Unerlaubte Datensammlung
OLG Naumburg: Meta muss Nutzer Schadenersatz zahlen

Der Facebook-Konzern Meta muss nach einer Gerichtsentscheidung zwei Klägern aus Sachsen-Anhalt wegen unerlaubter Datenverarbeitung Schadenersatz zahlen.

    Zu sehen ist das Oberlandesgericht Naumburg in Sachsen-Anhalt
    Das Oberlandesgericht Naumburg (Archivbild). (picture alliance / dpa / dpa-Zentralbild / Jan Woitas)
    Das urteilte das Oberlandesgericht in Naumburg.

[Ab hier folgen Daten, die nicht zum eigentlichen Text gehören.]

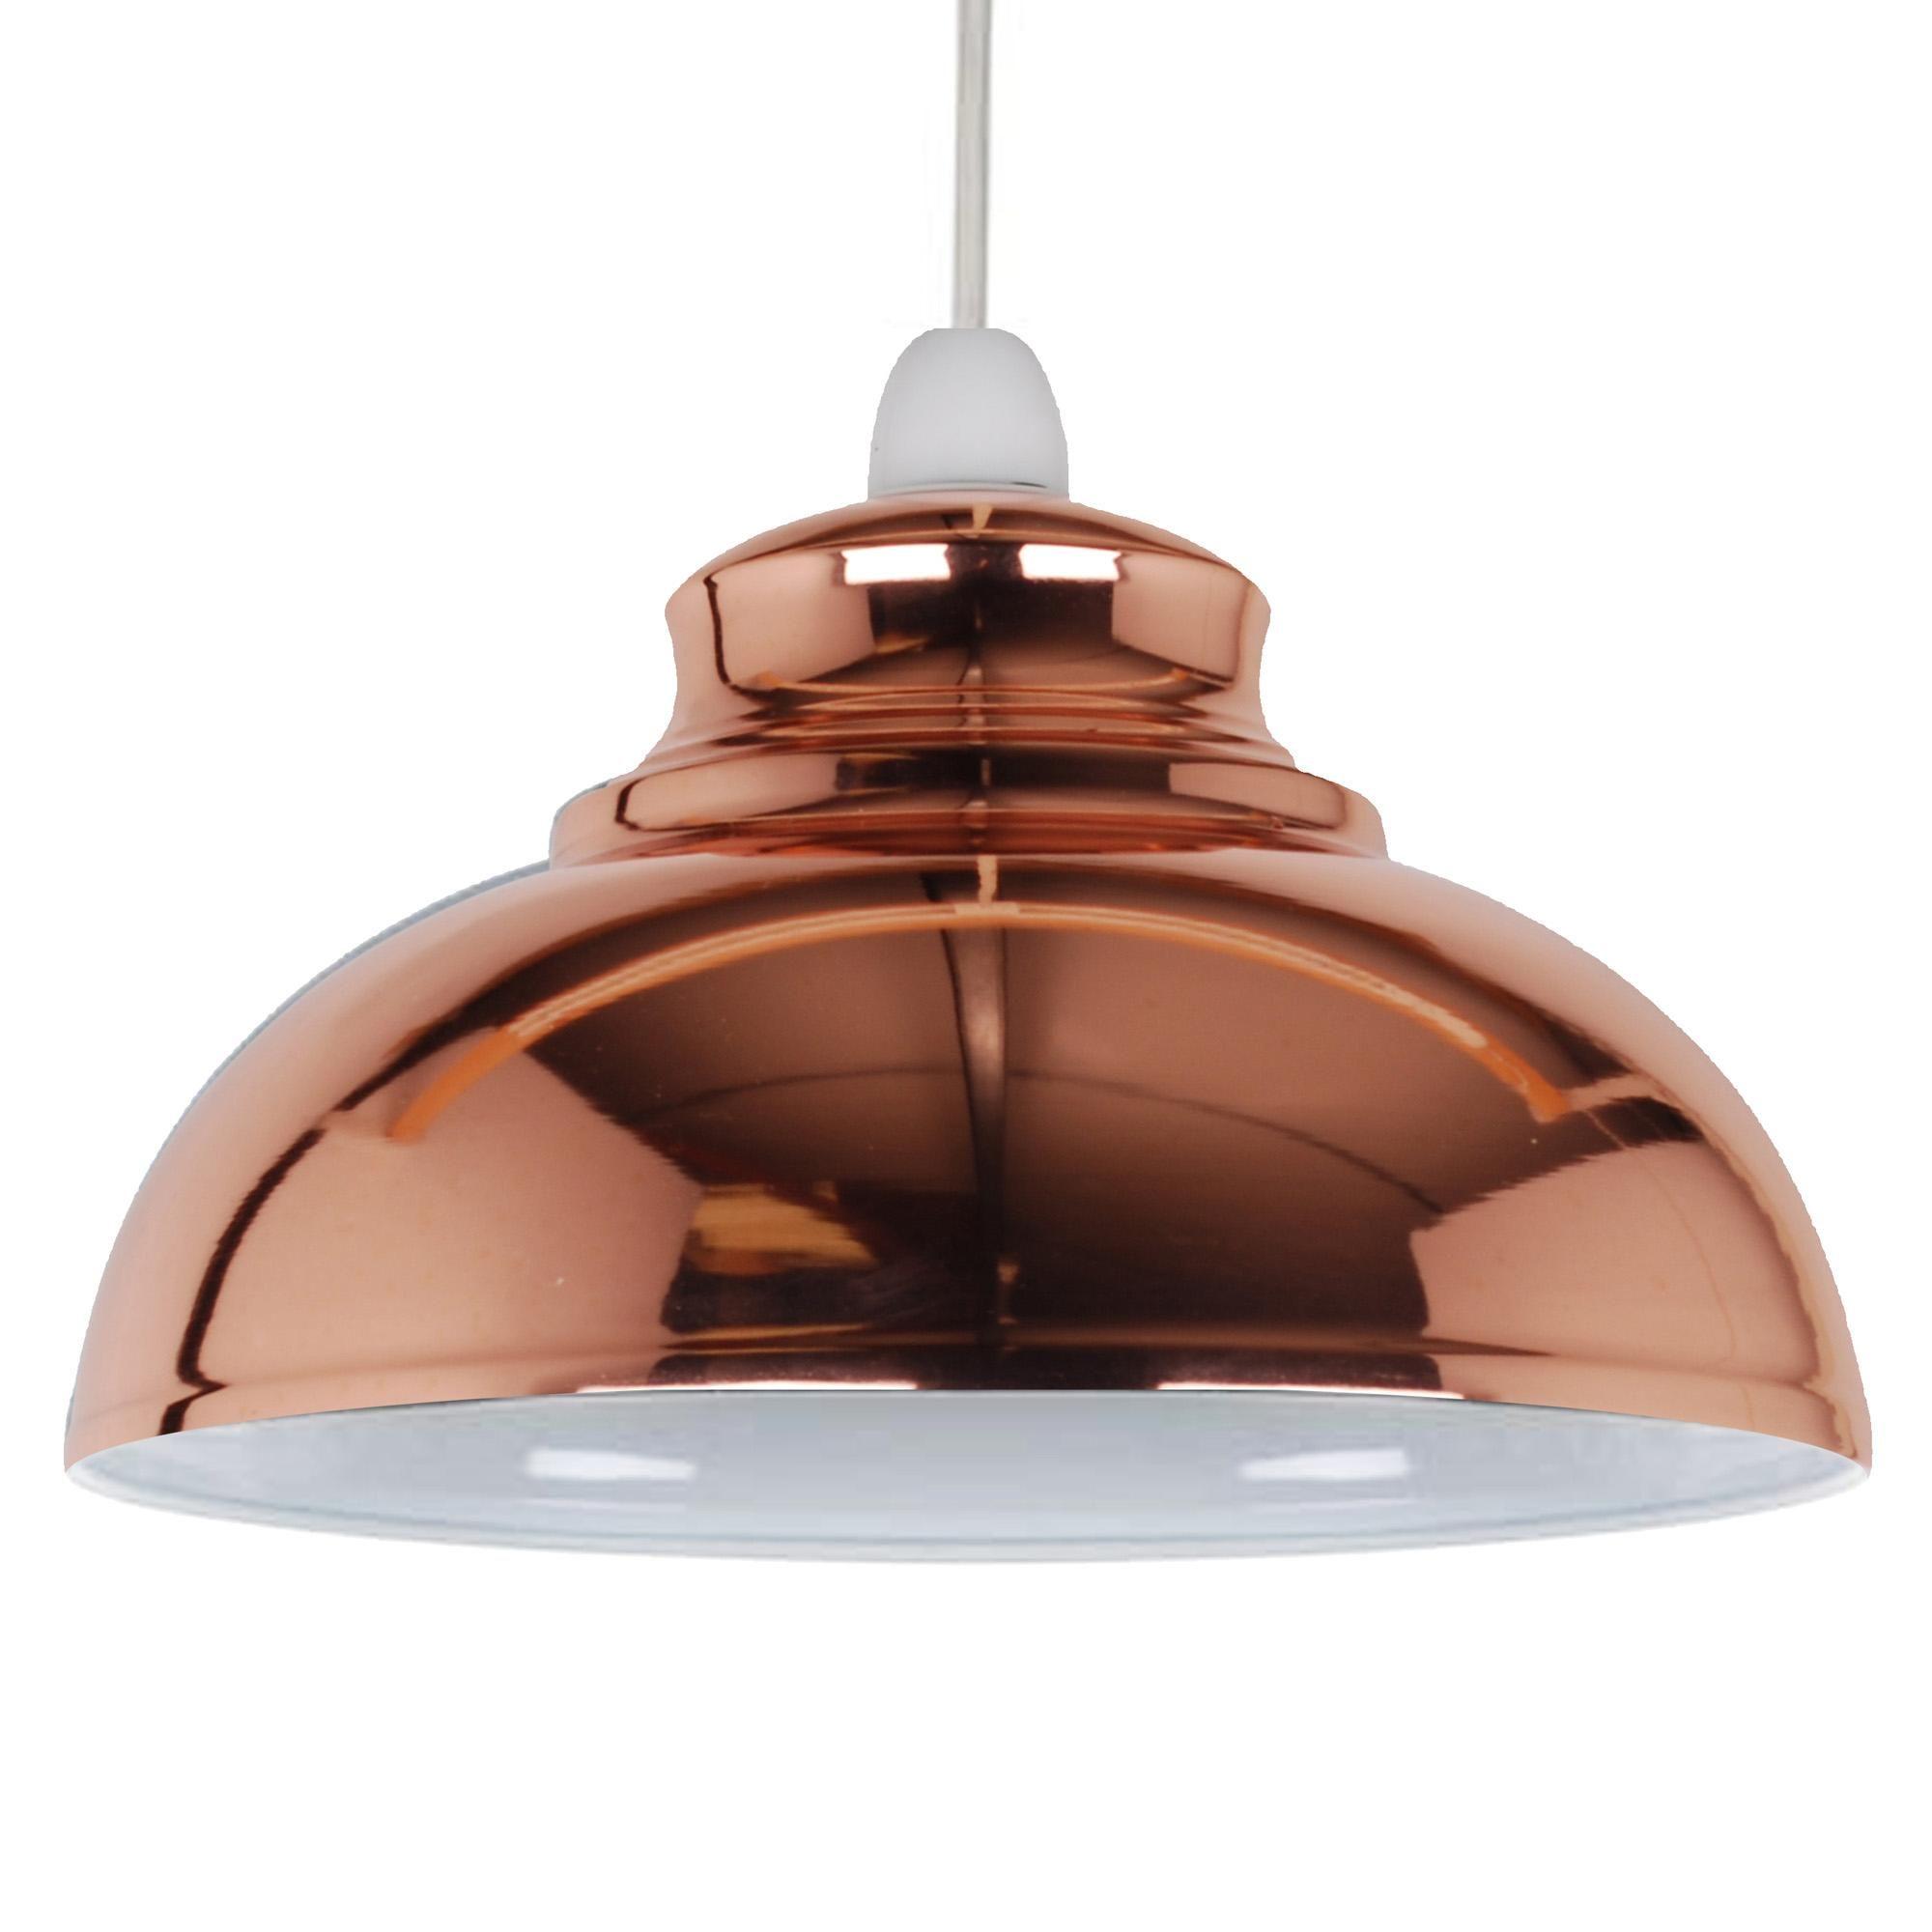 Pantone Colors: Copper Tan Design and Inspirations | Pendant Lights ...
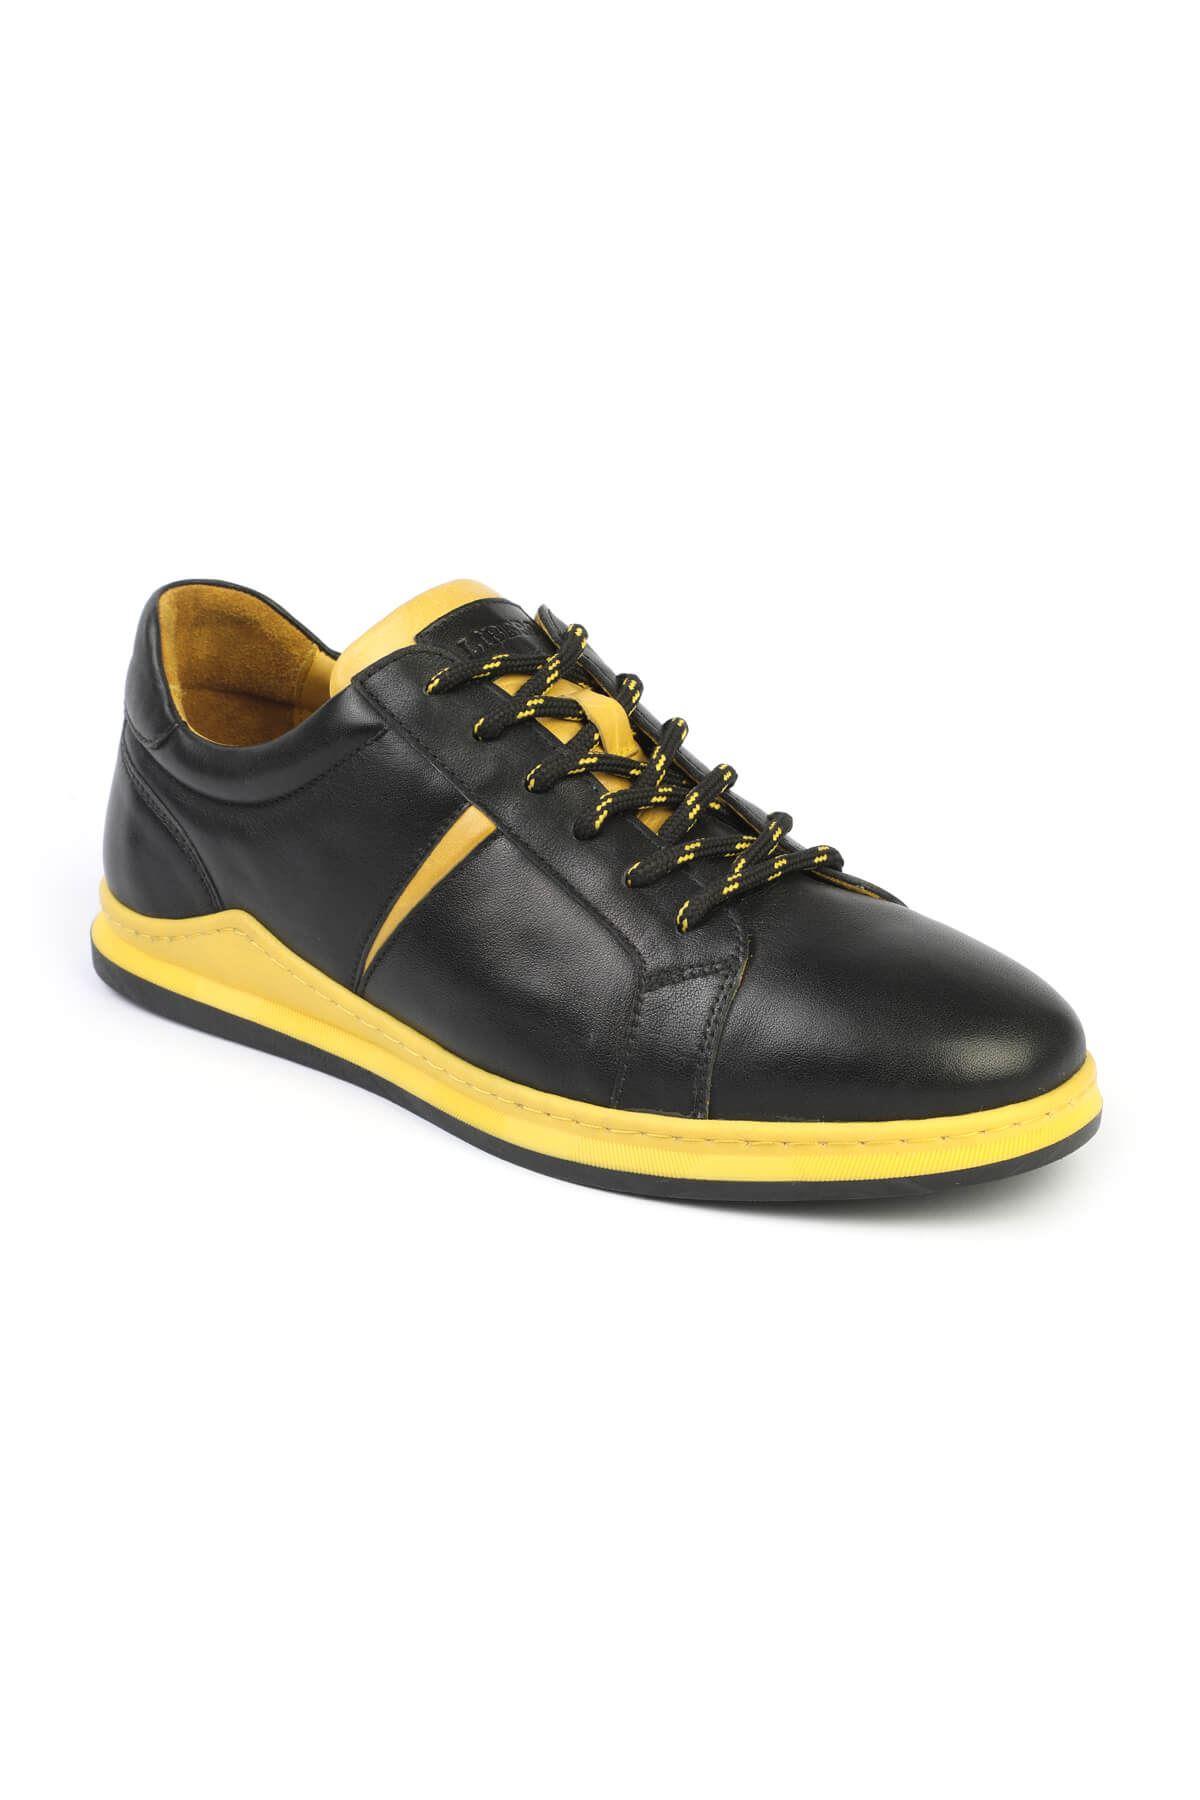 Libero 3196 Siyah Sarı Sneaker Ayakkabı

Demnach konnte das Unternehmen mithilfe seiner sogenannten Business-Tools selbst dann Kundendaten ausspähen und sammeln, wenn die Betroffenen gar nicht bei Facebook oder Instagram eingeloggt waren. Das sei rechtswidrig, hieß es.
    Den beiden Klägern wurde ein Schadenersatz von 1.200 Euro beziehungsweise 1.250 Euro zugesprochen. Zudem verpflichtete das Gericht den Konzern zu einer generellen, umfassenden Unterlassung der Datenverarbeitung über die Business-Tools sowie zur Löschung aller gesammelten Nutzerdaten. Beide Urteile sind rechtskräftig.
    (AZ: OLG Naumburg 9 U 124/24 und 9 U 44/25).
    Diese Nachricht wurde am 05.02.2026 im Programm Deutschlandfunk gesendet.